Por que nós sempre fizemos exatamente a mesma pergunta: como pode o surfista ser fascista?
A jornalista e colunista da Folha de S.Paulo Tati Bernardi escreveu um texto que nos pôs a refletir o que já habitava nosso inconsciente de surfista fissurado.
Por que nós sempre fizemos exatamente a mesma pergunta: como pode o surfista ser fascista?
Afinal, nós nunca entenderemos como um estilo de vida permeado pela liberdade em meio à natureza e marcado por episódios históricos épicos de desobediência civil pode ser sustentado por verdadeiros exterminadores retrocedidos que…pegam onda.
“Como pode um surfista apoiar o Bolsonaro?,” é a pergunta que Tati escreve na primeira linha.
“Quer coisa mais insurgente, livre e deslumbrante do que ser um surfista? Não faz sentido. Você imagina um liquidificador batendo uma vitamina irada de banana com couve e o livro do coronel Ustra ao lado? Sucão com tortura às cinco da manhã? Gente! Me dá uma tristeza, uma sensação de que está tudo fora do lugar. E não é errado apenas social, intelectual e humanitariamente. É uma parada de cosmos mesmo. Deu ruim nos primórdios da criação de qualquer coisa que venha depois do nada. E desculpa se escrevo um pouco chapada, mas minha capacidade cognitiva desistiu do Brasil um pouco antes do Natal e ainda não recuperei totalmente,” diz Tati.
É, Tati, a gente não sabe se você já tentou o surf, mas, nem precisa. Você já entendeu tudo e mais um pouco e vai além: já repetimos essa sua pergunta inicial como um mantra budista recitado fielmente todas as manhãs. Seguimos incrédulos sem resposta.
Nós não conseguimos entender o paradoxo absurdo do surfista que defende um governo que sustenta um discurso de preconceito; que é contra as minorias e já revelou isso publicamente, assim como disse que nunca houve escravidão dos negros por parte dos portugueses.
Assim como você, Tati, nós tampouco entendemos os jogadores de futebol que apoiam o Bolsonaro.
“Quer coisa mais destemida, idolatrável e gloriosa do que driblar uma dezena de gringos e marcar o gol que inspirará milhares de garotos pobres e negros e marcar o gol que inspirará milhares de garotos pobres e negros a acreditar em dias melhores (apesar das crianças mortas por balas que, sinto muito, não são “perdidas”. Perdida está a humanidade,” escreve Tati.
Sim, Tati, é tudo isso. Nós sentimos na pele a dor lacerante certa vez quando publicamos a matéria
e fomos tirados de preconceituosos; justamente quando decidimos contextualizar toda a injustiça social sofrida pelos negros (e ainda hoje muito mal reparada por anos de escravidão), somos aturdidos pelo panelaço dos surfistas “livres”. Só que não.
A gente compreende muito e assinamos embaixo do seu raciocínio da Tati. Não tem como se exercitar com uma professora que apoia um governo que já sentenciou que mulher precisa receber salários menores porque engravida.
Essa coluna da Tati fez lembrar a história de quando estávamos pegando carona para o litoral norte paulista, por meio de um desses aplicativos de carona compartilhada.
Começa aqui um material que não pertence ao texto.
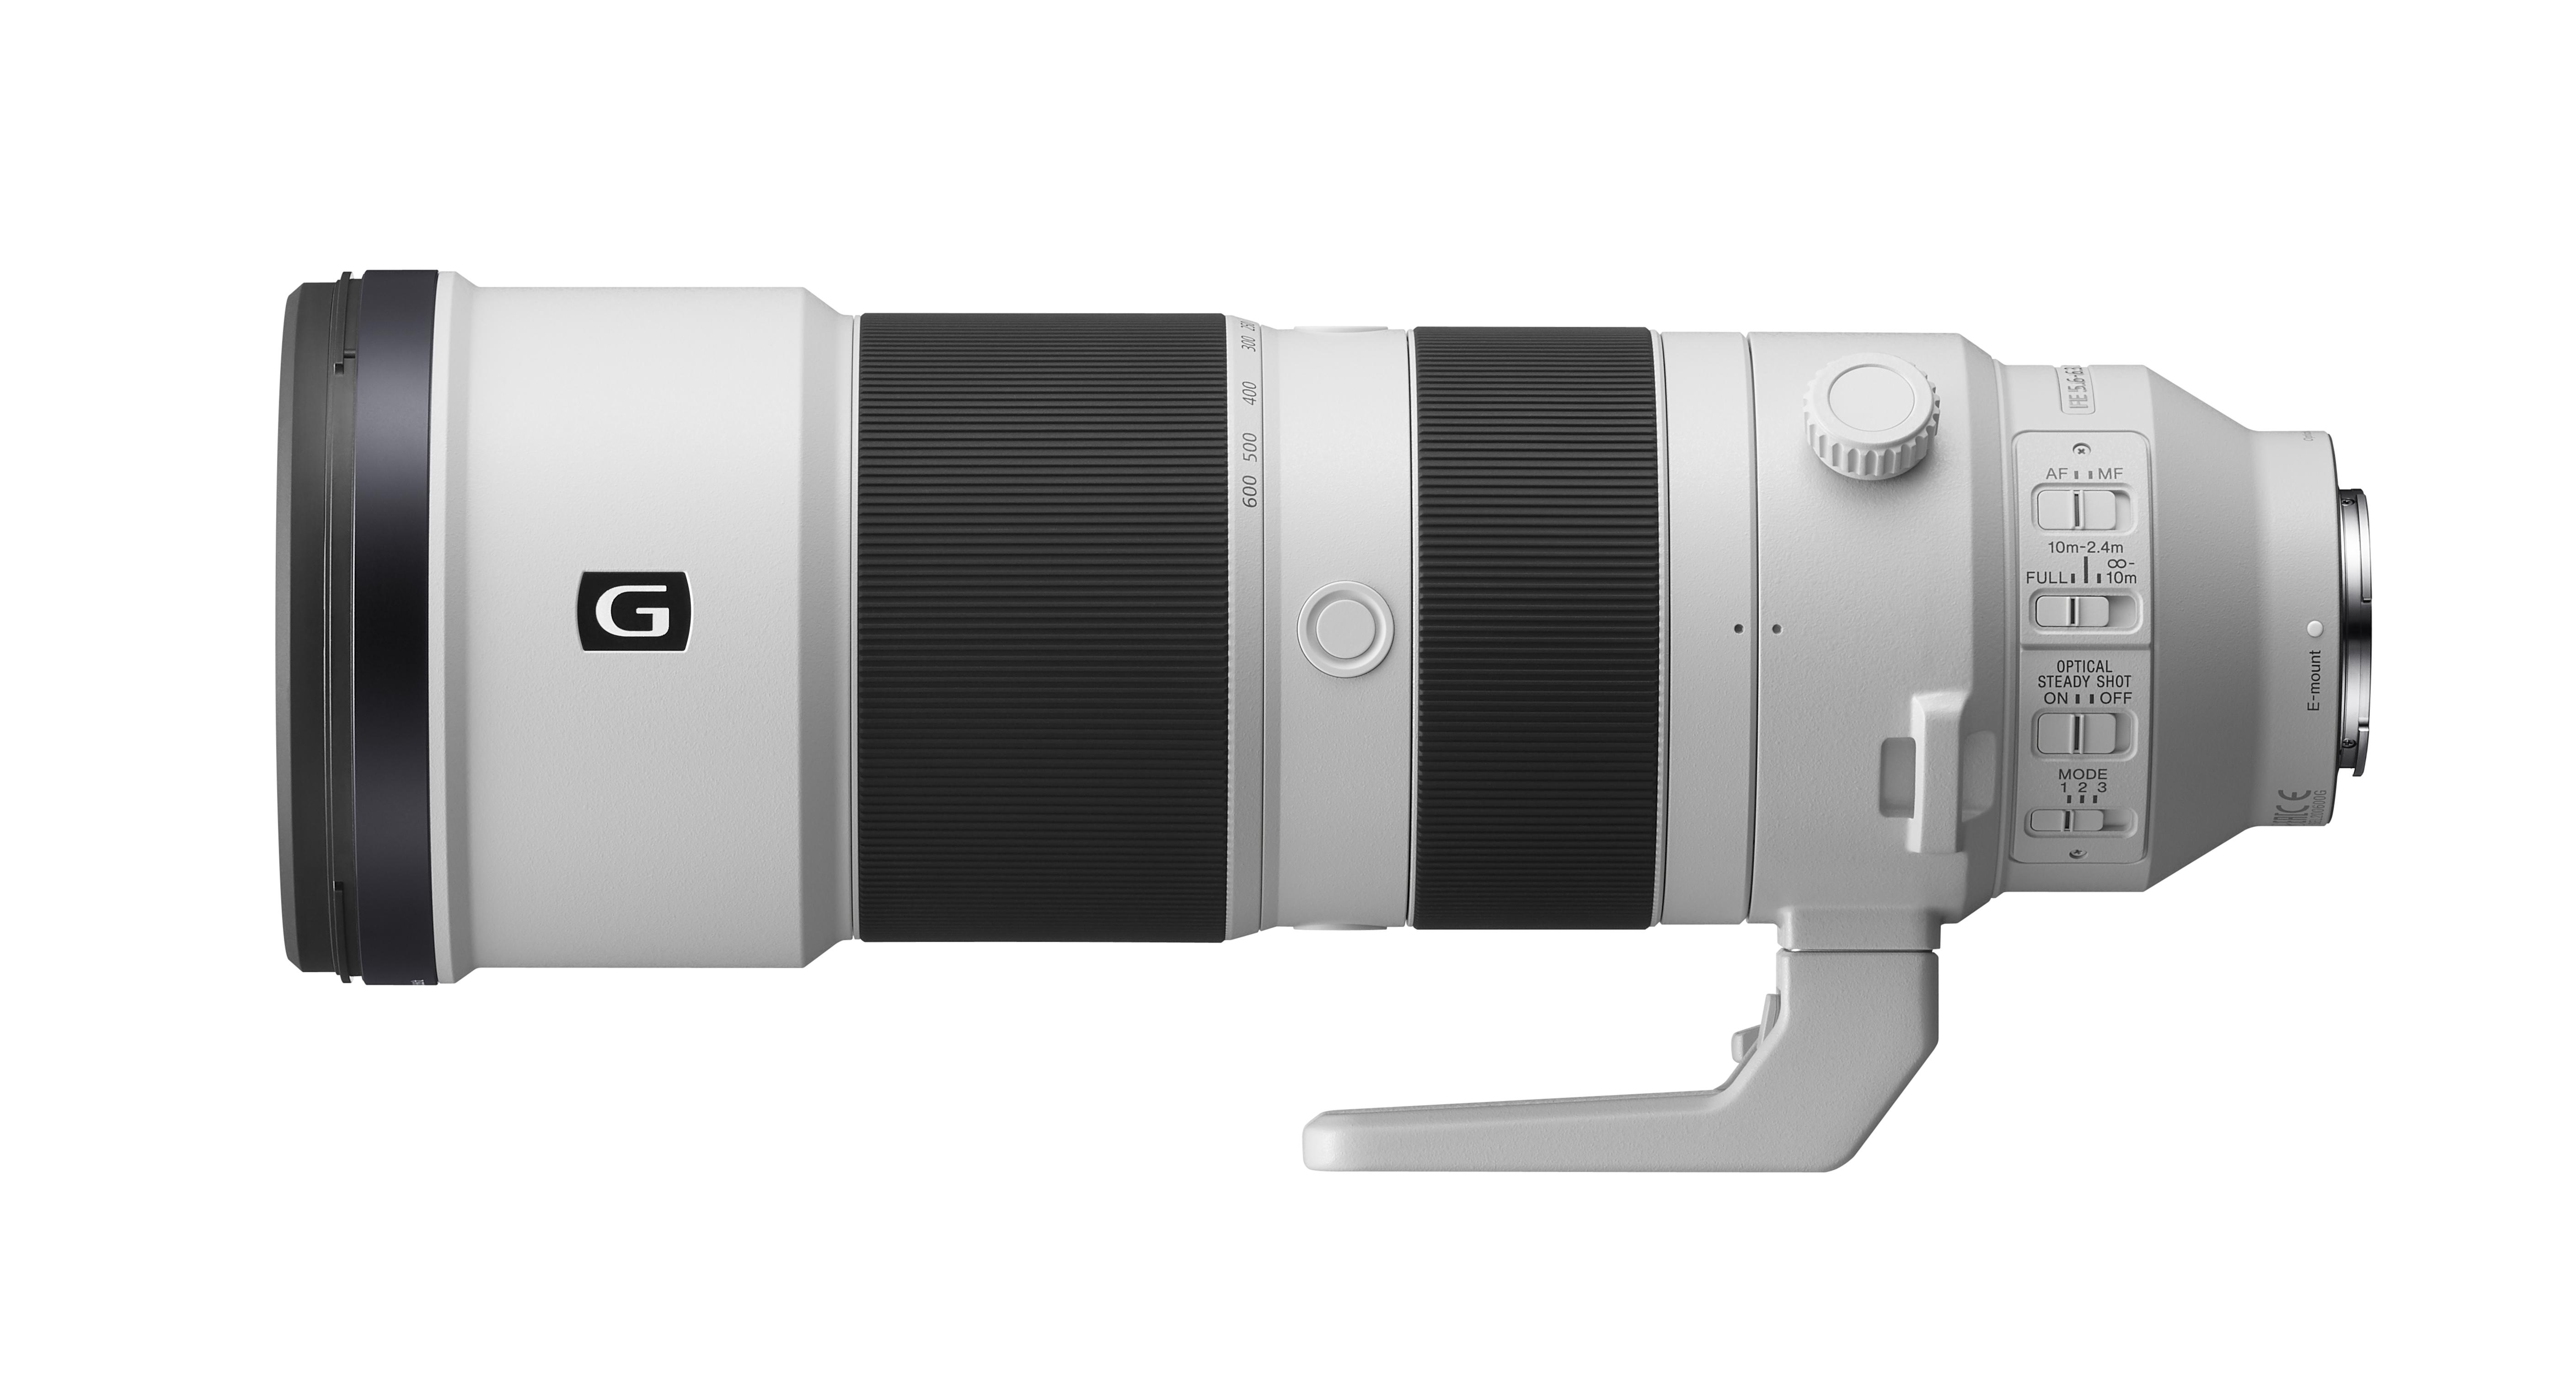 SEL200600G-Image-2

Foi assim: o cara começou a contar das suas façanhas incríveis de velejador e nós já estávamos prontos para pedir para compor a tripulação e ajudar como fosse na próxima expedição, afinal, como é livre e magnífica a experiência de velejar, né?
Mas, quando se iniciou a próxima pauta da conversa e o velejador se revelou um apoiador incondicional de um governo que defende o desmatamento da Amazônia, toda nossa vontade de nos mandarmos além mar com ele foi por água abaixo assim como as cataratas do Niágara.
“Você entende esse monte de médico que jurou defender a vida e elegeu um exterminador? Não faz sentido prescrever ansiolítico com arma de fogo, antibiótico com negacionismo e energético com pau de arara,” Tati clama.
Pois é, Tati, nós também não entendemos esses “jovens tão preocupados com a saúde que ignoram por completo o descaso com a Amazônia”, assim como tampouco entenderemos essa esmagadora maioria de surfistas que defendem um exterminador.
Apesar de tudo embrulho no estômago que sentimos ao constatar que muitas pessoas defendem ideias reaçonárias, o final do texto da Tati nos deixa uma centelha de esperança.
Ela nos conta, afirmando-se esperançosa, que começou a fazer ginástica funcional com uma professora que defende ideias de uma maior igualdade social. Ou seja, uma professora que se preocupa com os cidadãos que são considerados em desvantagem em relação aos outros e que tem consciência que há desigualdades injustificadas que devem ser reduzidas ou abolidas.